The purpose of this cross-discipline workshop is to bring together machine learning and healthcare researchers interested in problems and applications of predictive models in the field of personalized medicine. The goal of the workshop will be to bridge the gap between the theory of predictive models and the applications and needs of the healthcare community. There will be exchange of ideas, identification of important and challenging applications and discovery of possible synergies. Ideally this will spur discussion and collaboration between the two disciplines and result in collaborative grant submissions. The emphasis will be on the mathematical and engineering aspects of predictive models and how it relates to practical medical problems.

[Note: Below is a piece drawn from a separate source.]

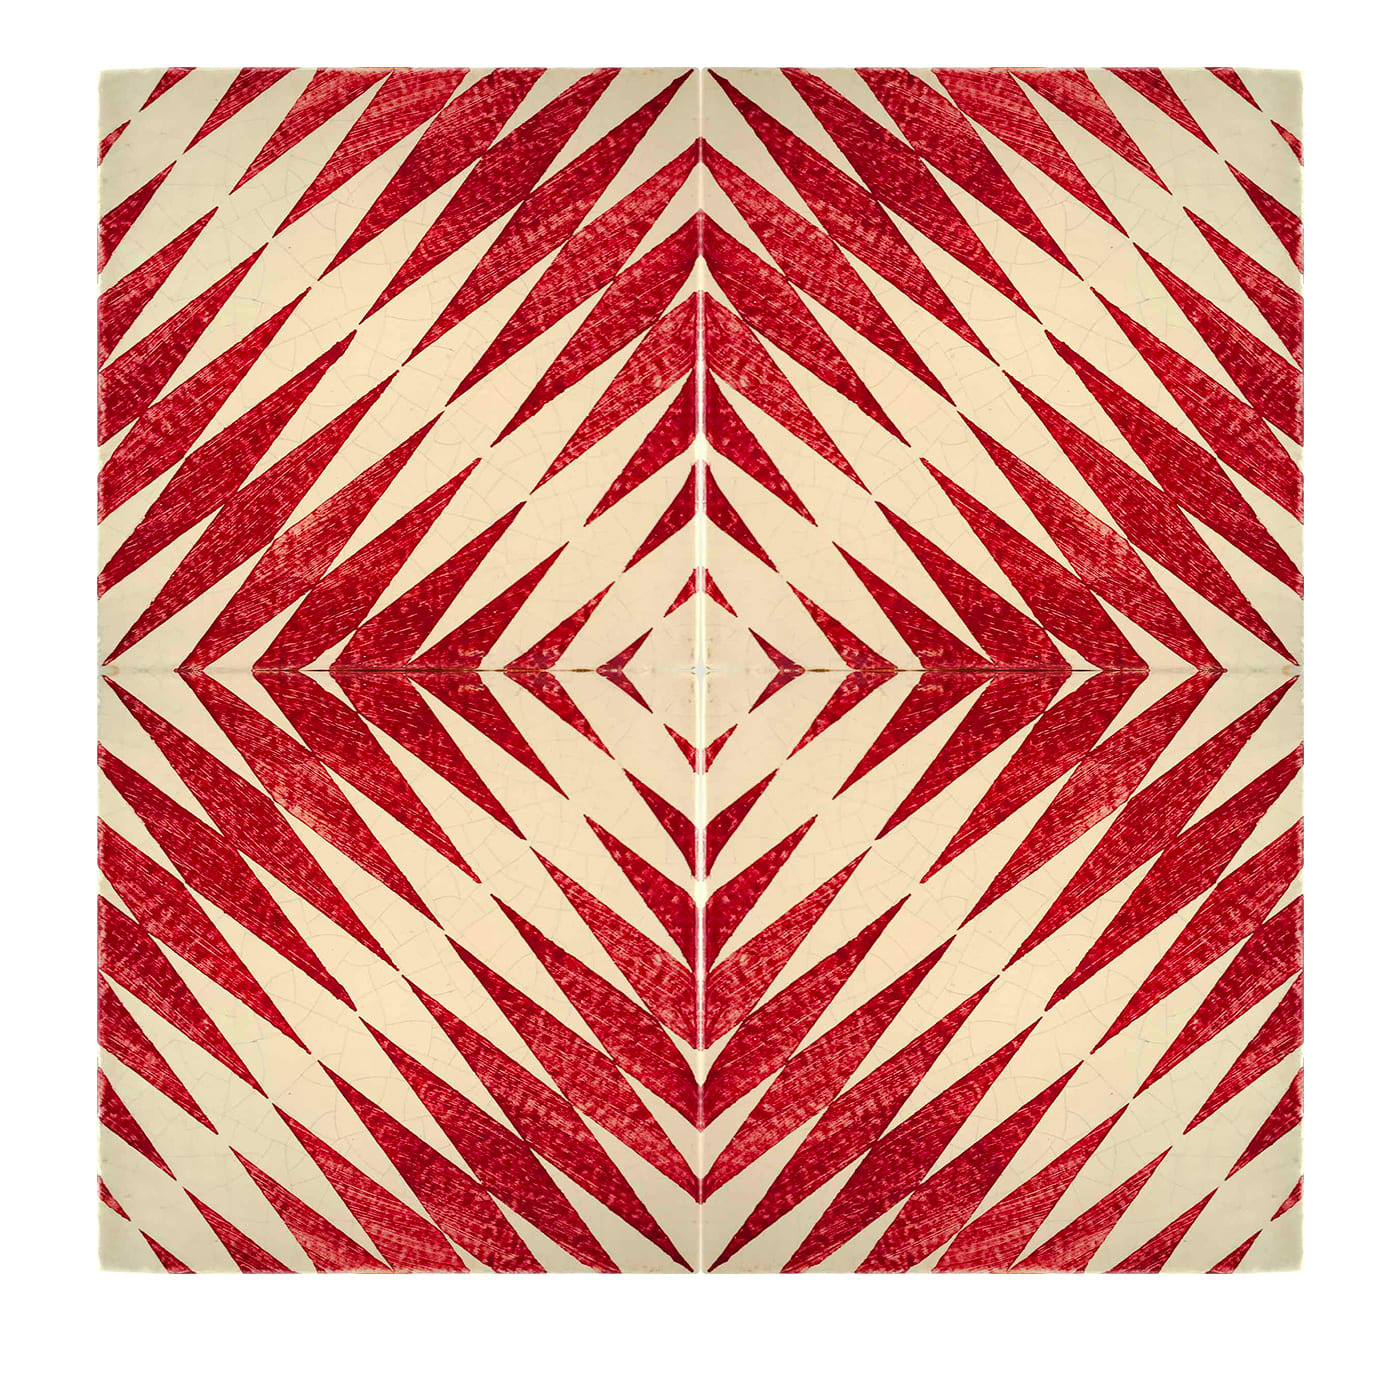 Rosso Ficus Indica Set of 4 Tiles #2 - Studio Le Nid

Although related in a broad sense, the workshop does not directly overlap with the fields of Bioinformatics and Biostatistics.  Although, predictive modeling for healthcare has been explored by biostatisticians for several decades, this workshop focuses on substantially different needs and problems that are better addressed by modern machine learning technologies. For example, how should we organize clinical trials to validate the clinical utility of predictive models for personalized therapy selection? The traditional bio-statistical approach for running trials on a large cohort of homogeneous patients would not suffice for the new paradigm and new methods are needed. On the other hand bioinformatics typically deals with the analysis of genomic and proteomic data to answer questions of relevance to basic science. For example, identification of sequences in the genome corresponding to genes, identification of gene regulatory networks etc. This workshop does not focus on issues of basic science; rather, we focus on predictive models that combine all available patient data (including imaging, pathology, lab, genomics etc.) to impact point of care decision making.

More recently, as part of American Re-investment and Recovery Act (ARRA), the US government set aside significant amounts of grant funds for cross-disciplinary research in use of information technology in improving health outcomes, quality of care and selection of therapy.

The workshop program will consist of presentations by invited speakers from both machine learning and personalized medicine fields and by authors of extended abstracts submitted to the workshop. In addition, there will be a slot for a panel discussion to identify important problems, applications and synergies between the two scientific disciplines.